26.Contentions about the secrecy of the Arak and Natanz projects are fictitious.

  • Given the huge installations and distillation towers erected on the ground in Arak, it is practically impossible to keep the construction of such a facility secret.
  • The underground construction of parts of the Natanz project is motivated by the requirement of defending the facility against aerial attacks, which were experienced against the Bushehr facility in the course of Iran-Iraq war and not by an unachievable illusion of keeping such a project secret.

27.Nuclear transparency has its own criteria and standards set forth in the relevant international treaties and the decisions of the IAEA. Under these treaties and decisions, any country which has fulfilled its international commitments on nuclear activities has observed the criteria and standards of nuclear transparency. Reports by the IAEA after their visits to Iran have confirmed Iran's full compliance and transparency.


1.Iran's pursuit of nuclear technology is exclusively for peaceful purposes. This has and continues to be the policy of the Islamic Republic of Iran.

2.Iran has absolutely nothing to hide with regard to its nuclear program.

3.Iran's compliance with its obligations, and even beyond its commitments, is and will remain unquestionable. As regards "the issue of intentions", it is prepared to enter reciprocal confidence-building measures.

4.Iran's policy towards the Additional Protocol is both clear and rational.

5.Iran has no difficulty to accept this Protocol and is approaching it positively.

6.At the same time, it cannot achieve the ratification and enforcement of the provisions of this Protocol without reciprocal guarantees.

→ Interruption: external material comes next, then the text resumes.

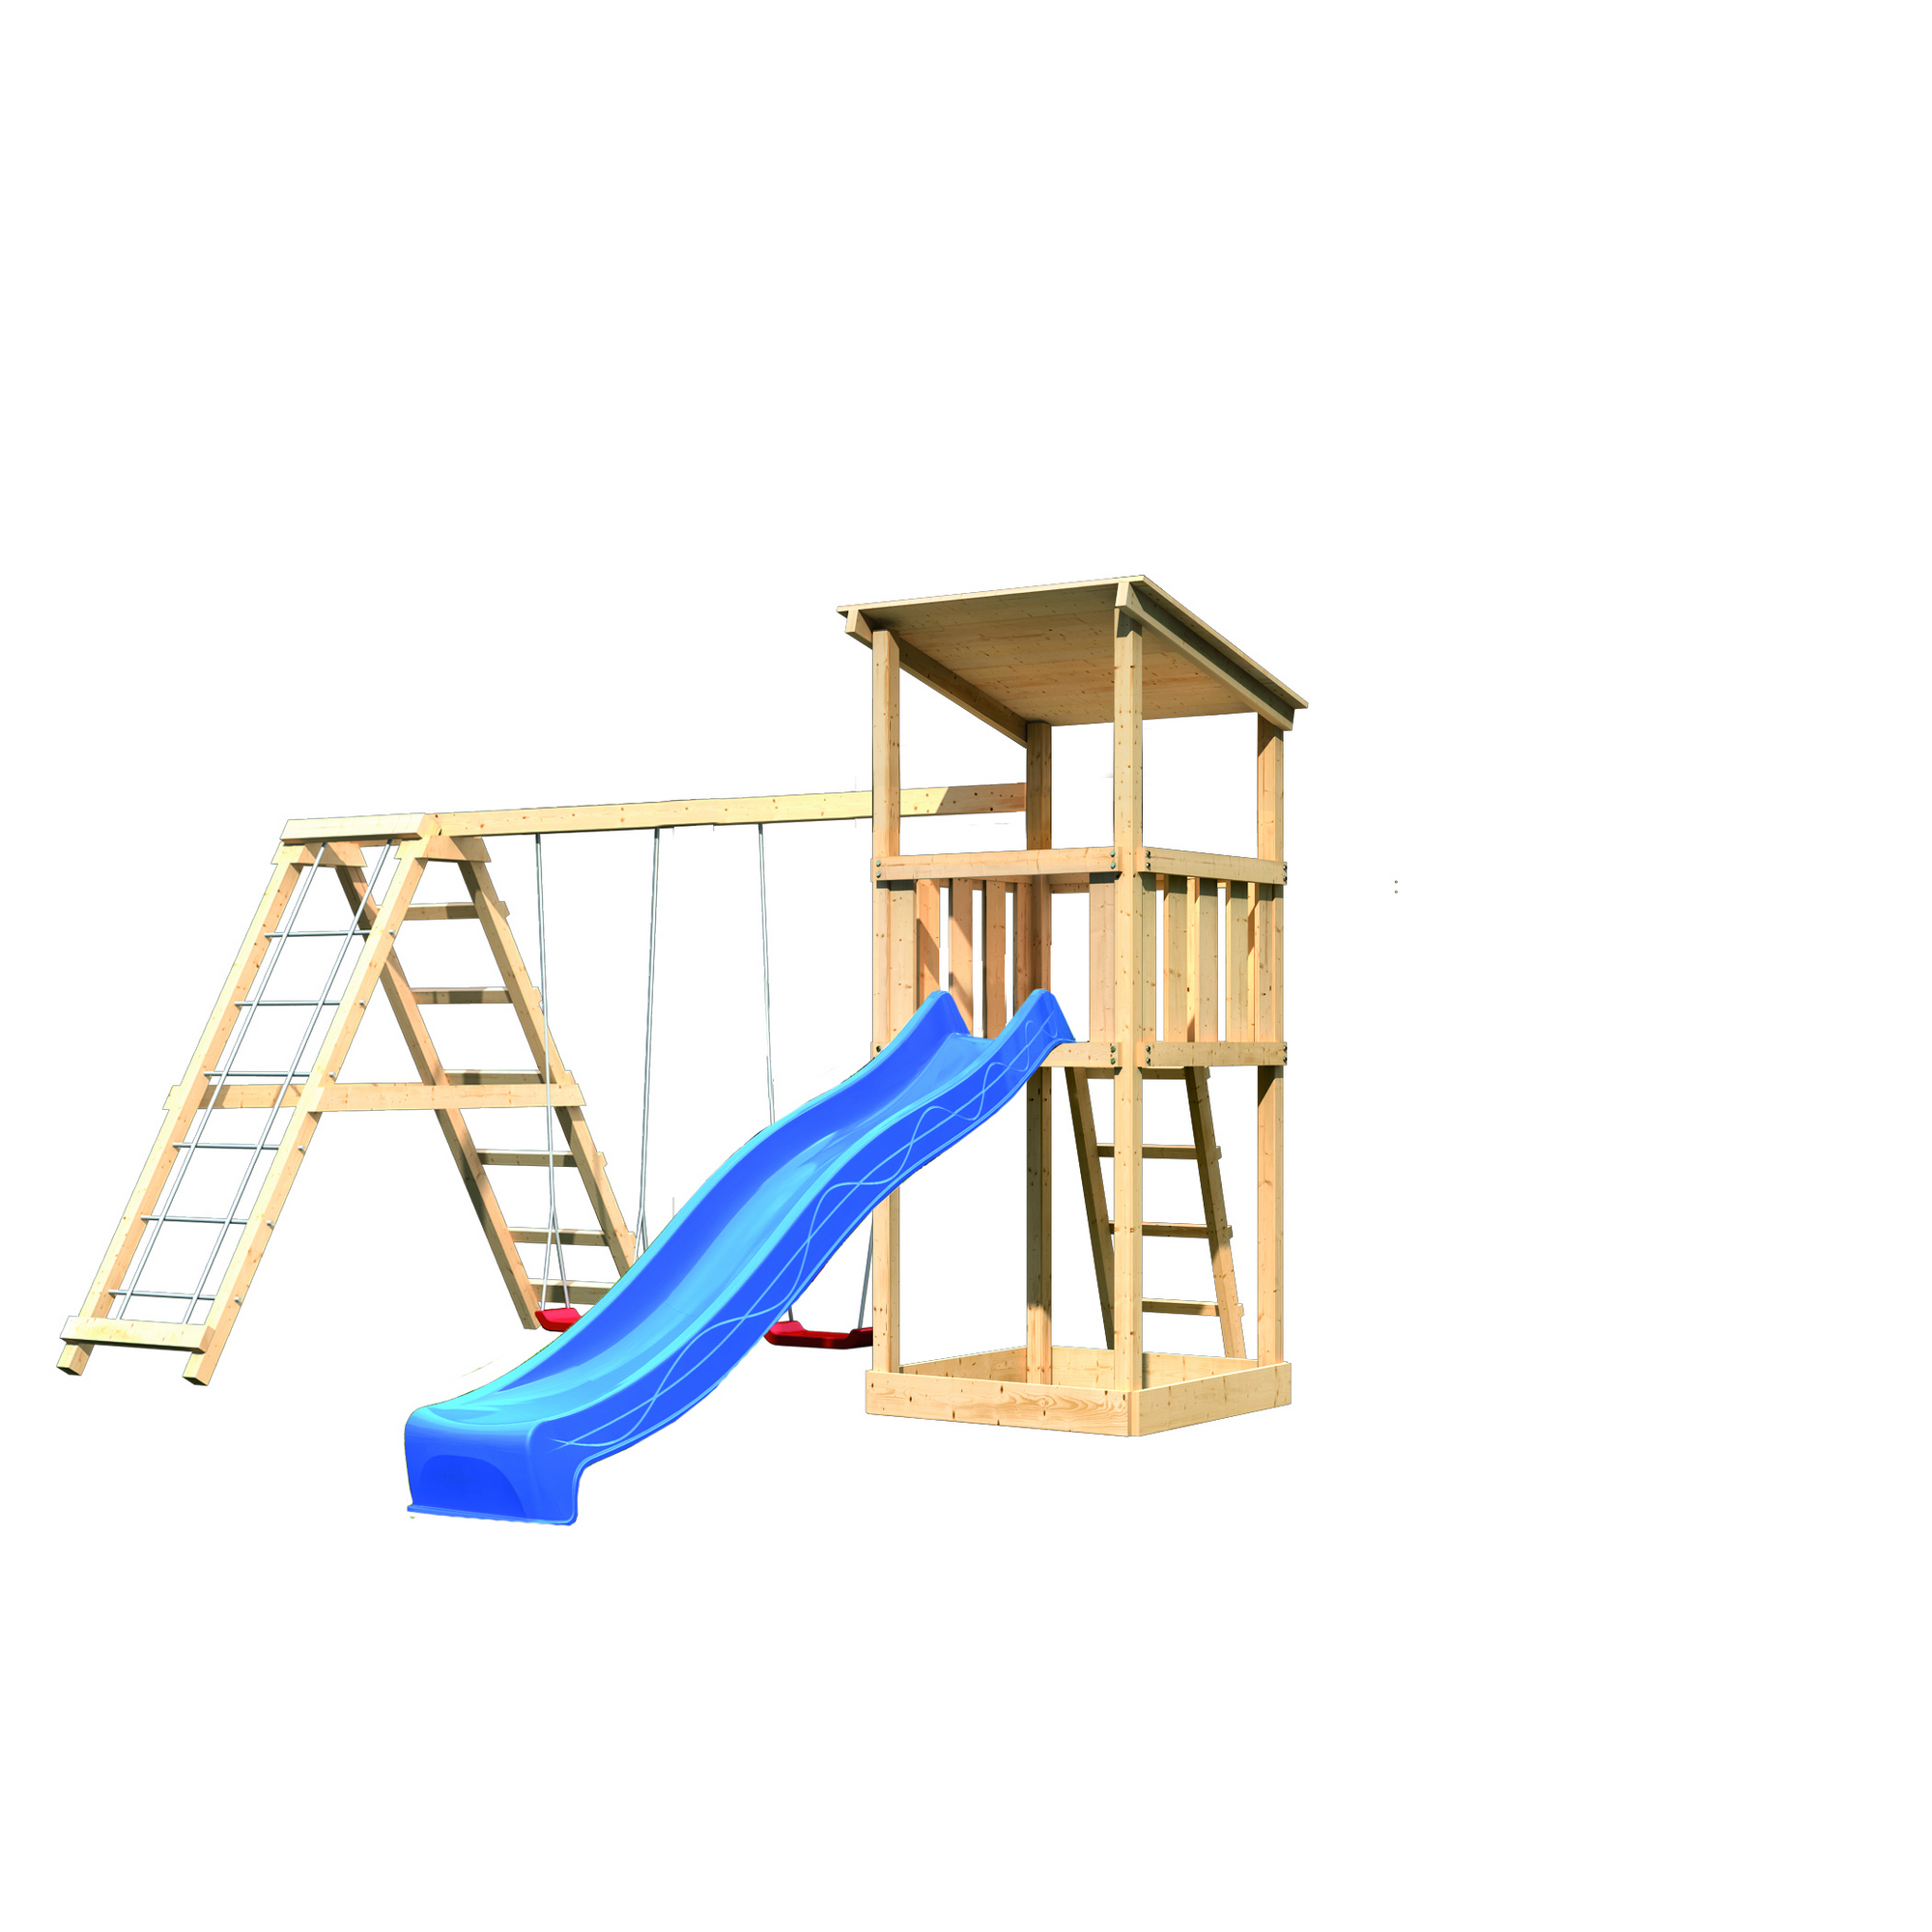 Spielturm 'Anna' Doppelschaukel, Klettergerüst, Rutsche blau, 415 x 264 x 270 cm + product picture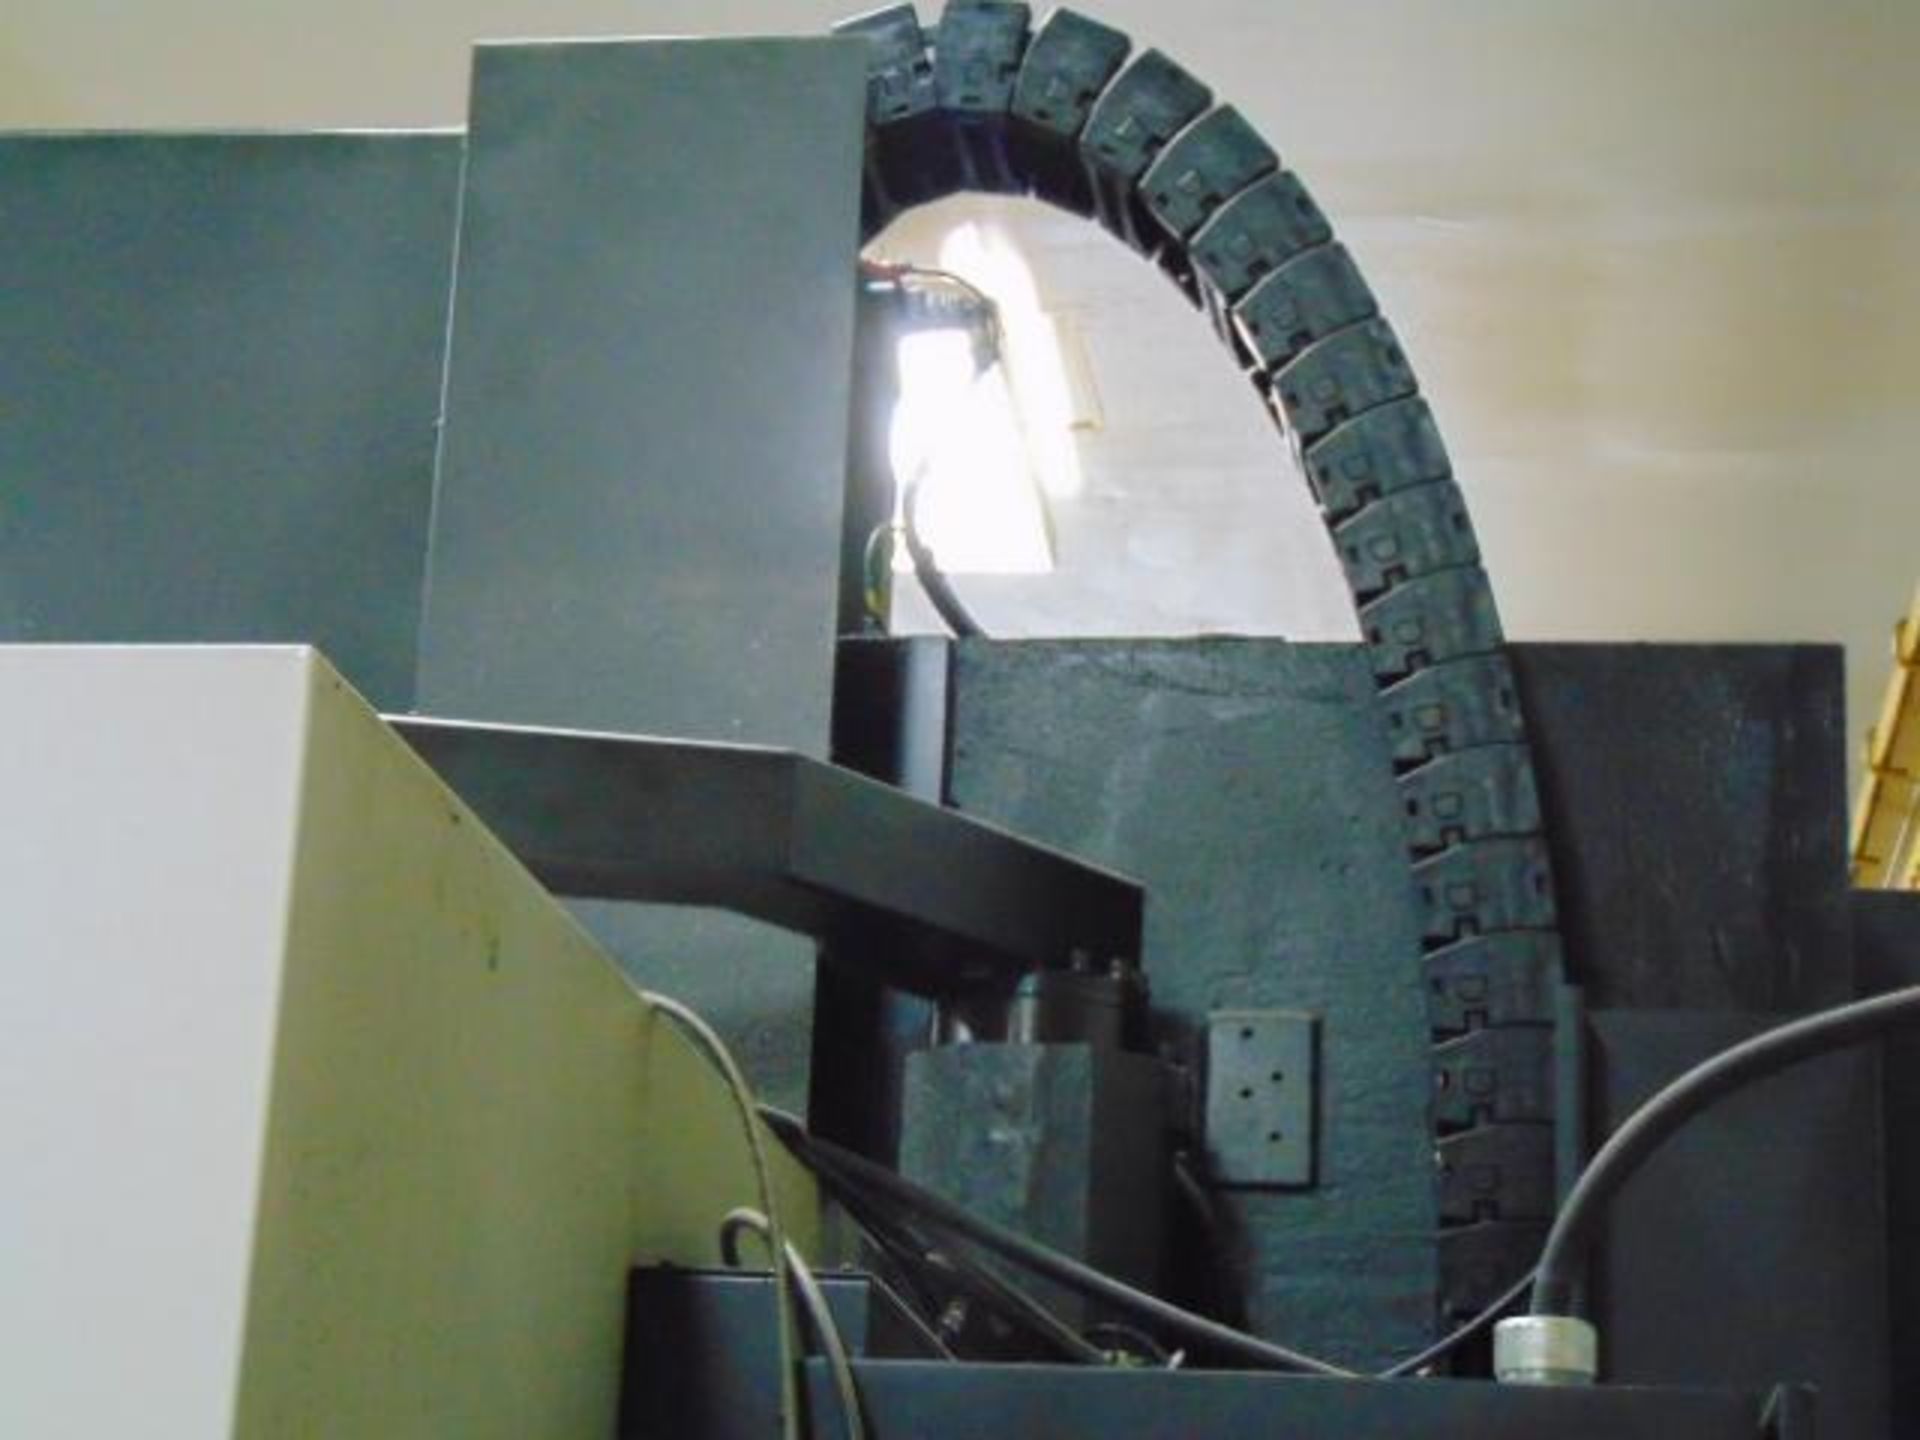 4-AXIS VERTICAL MACHINING CENTER, DOOSAN MDL. MYNX 7500/50, new 4/2012, Fanuc 31i CNC, 29.5" x 63" t - Image 21 of 21

7.While Iran has complied fully with different nuclear treaties and safeguard agreements and has rendered full cooperation as demanded by the IAEA, other parties have failed to comply with NPT provisions on peaceful use.

8.Iran still remains subject to various international pressures and restrictions, while countries which possess weapons of mass destruction and refuse to accede to treaties such as NPT are not held accountable for their nuclear conduct.

9.Iran expects official reciprocal guarantees that its acceptance of the Additional Protocol would bring to an end all propaganda about Iran's nuclear program and restrictions against Iran's full access to nuclear technology for peaceful purposes and lead to recognition of its peaceful capabilities through relevant international frameworks.